__Work required__
In the records below, find the line with "Molusco contagioso en", then retype it and every following line exactly, stopping after the line with "Cage jagt Raubtiere". Leave the pictures out.

__Information shown__
================================
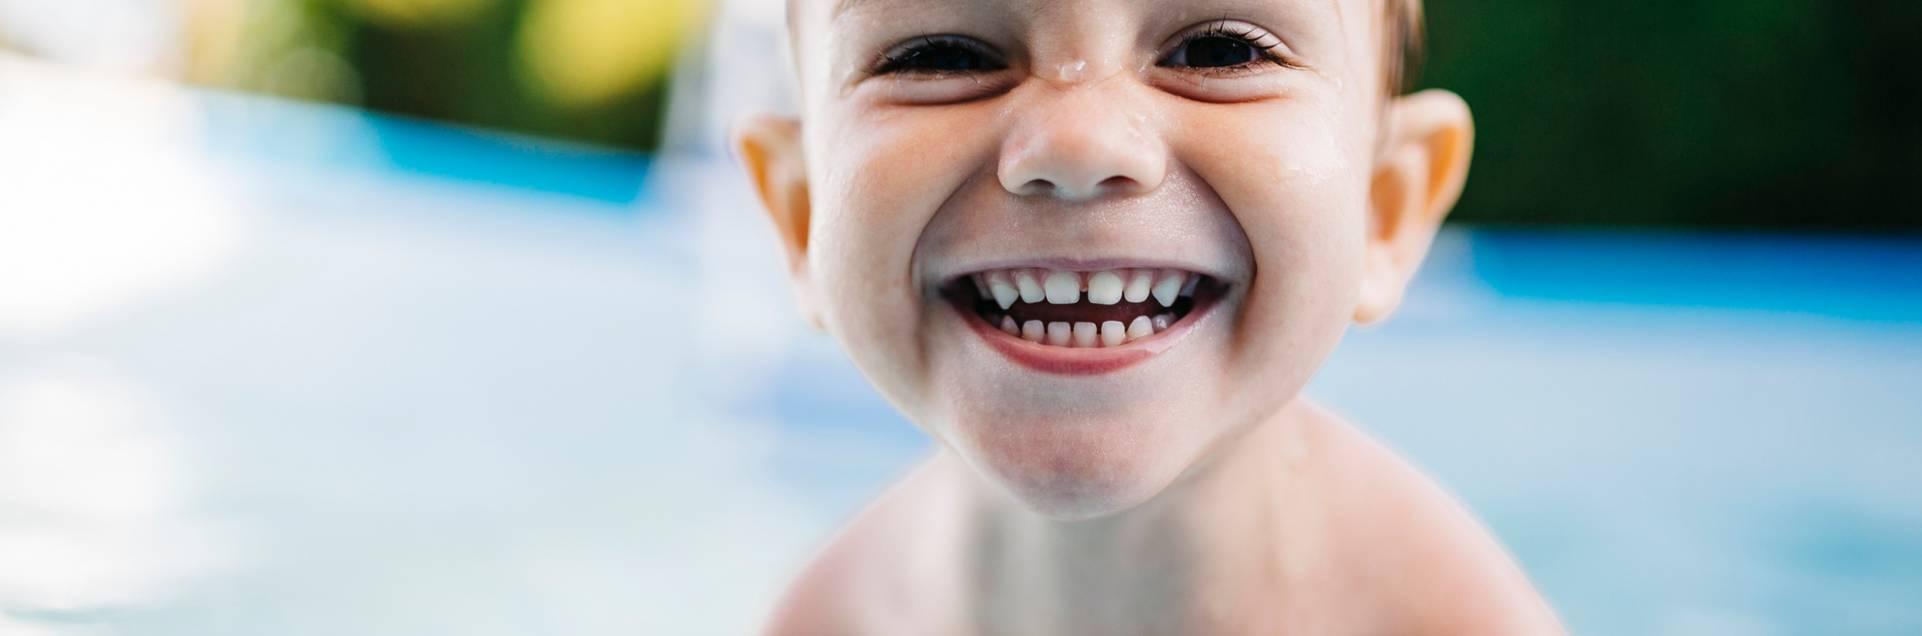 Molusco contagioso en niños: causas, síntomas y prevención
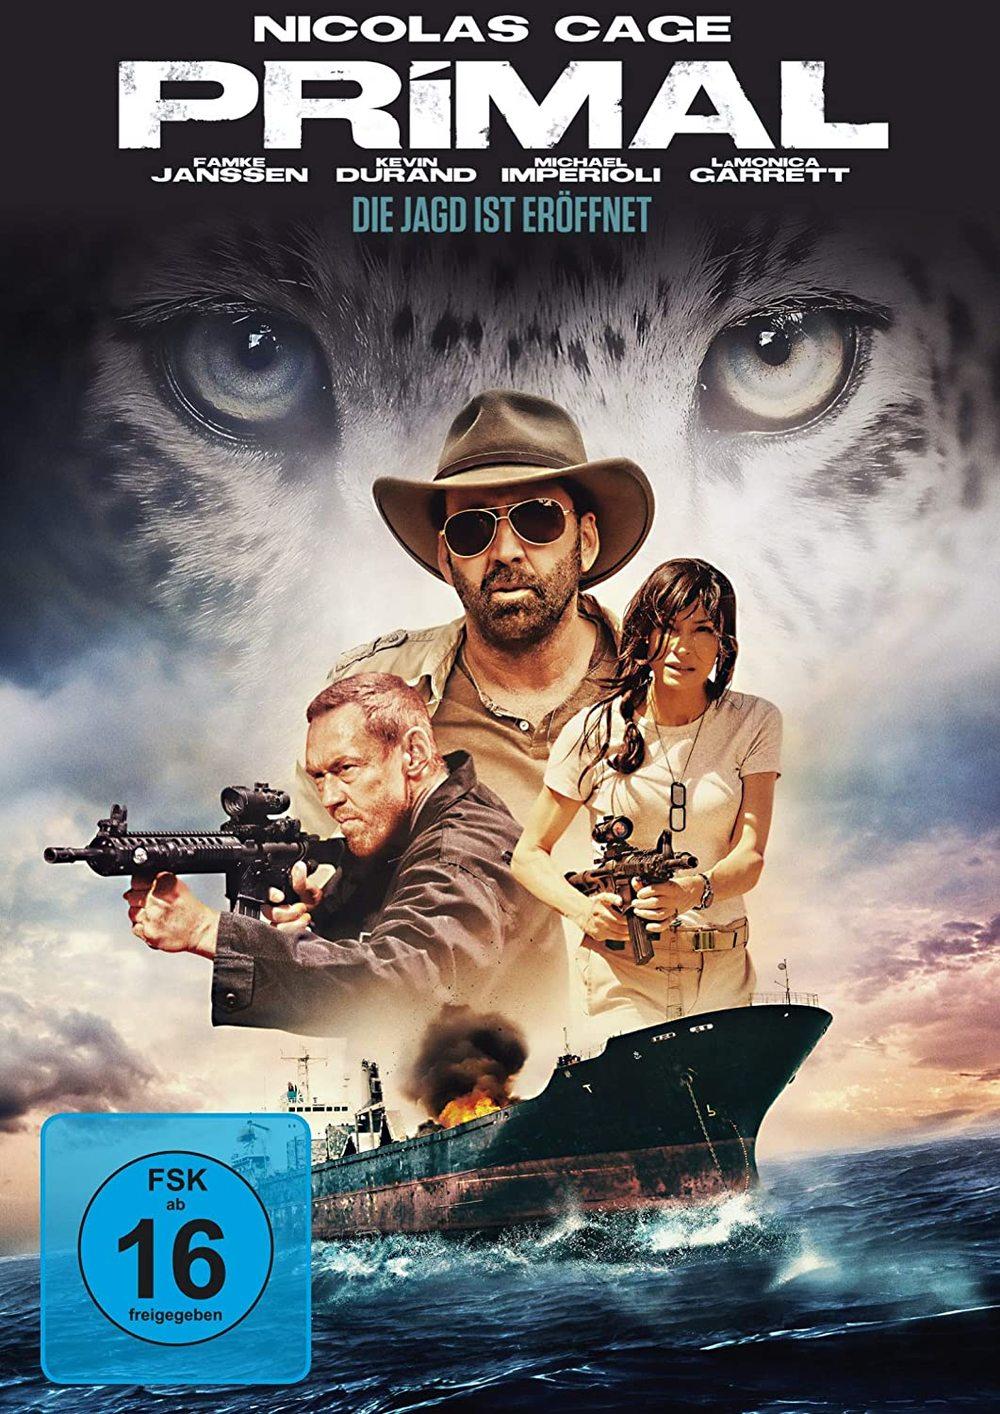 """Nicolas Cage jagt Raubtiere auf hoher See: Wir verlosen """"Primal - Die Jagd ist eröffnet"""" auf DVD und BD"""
================================
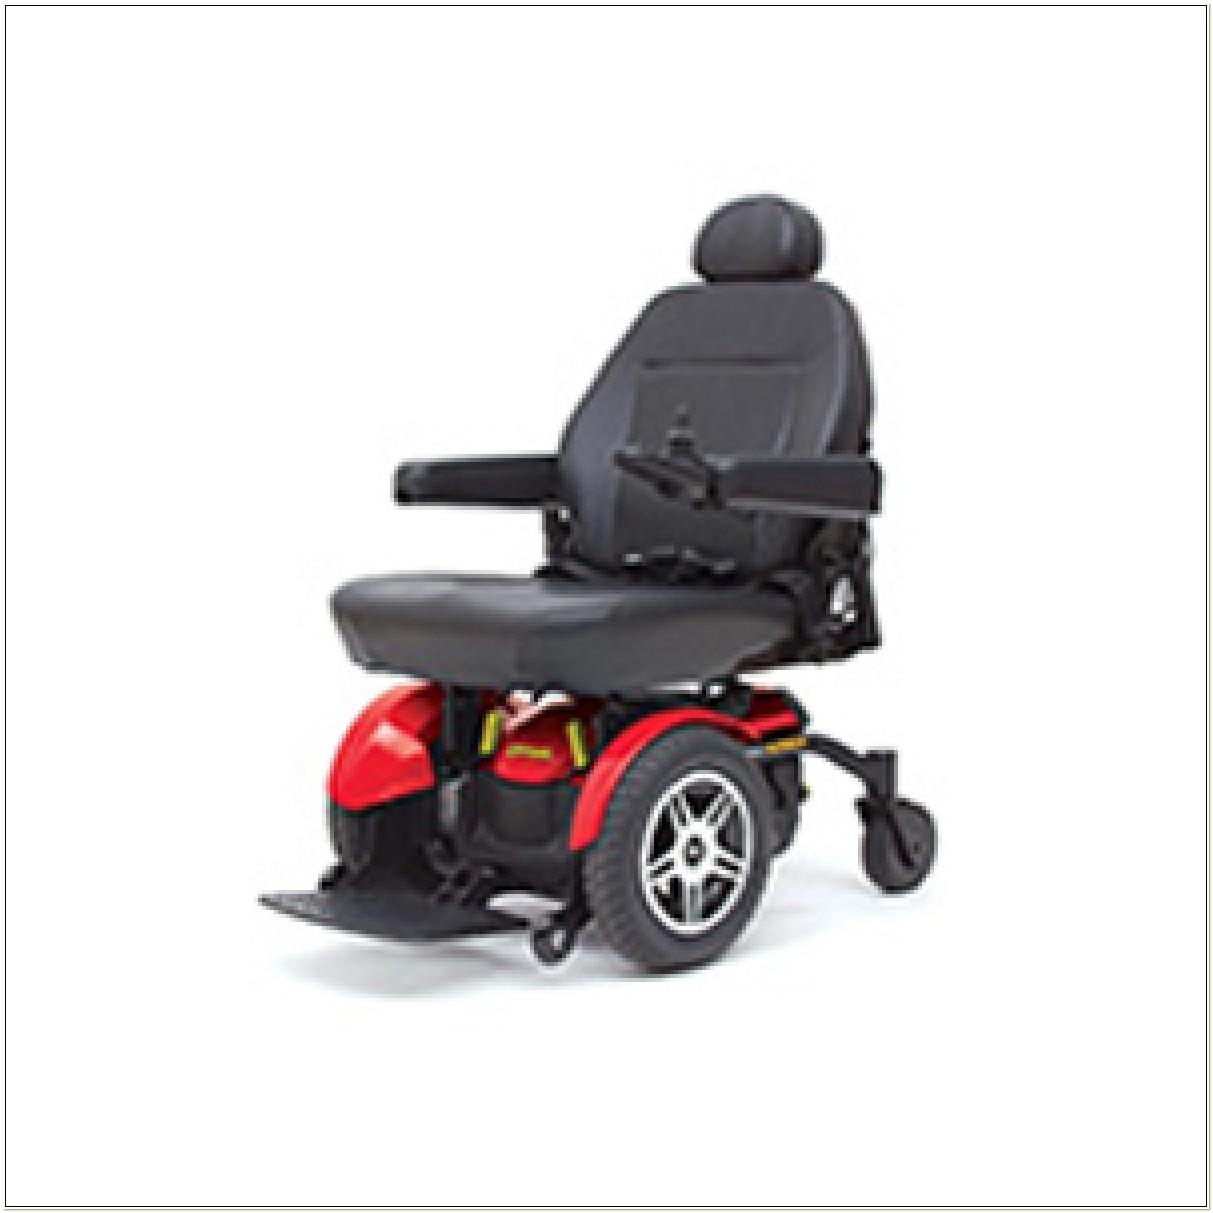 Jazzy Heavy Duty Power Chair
================================
__Your response__
 Molusco contagioso en niños: causas, síntomas y prevención
 """Nicolas Cage jagt Raubtiere auf hoher See: Wir verlosen """"Primal - Die Jagd ist eröffnet"""" auf DVD und BD"""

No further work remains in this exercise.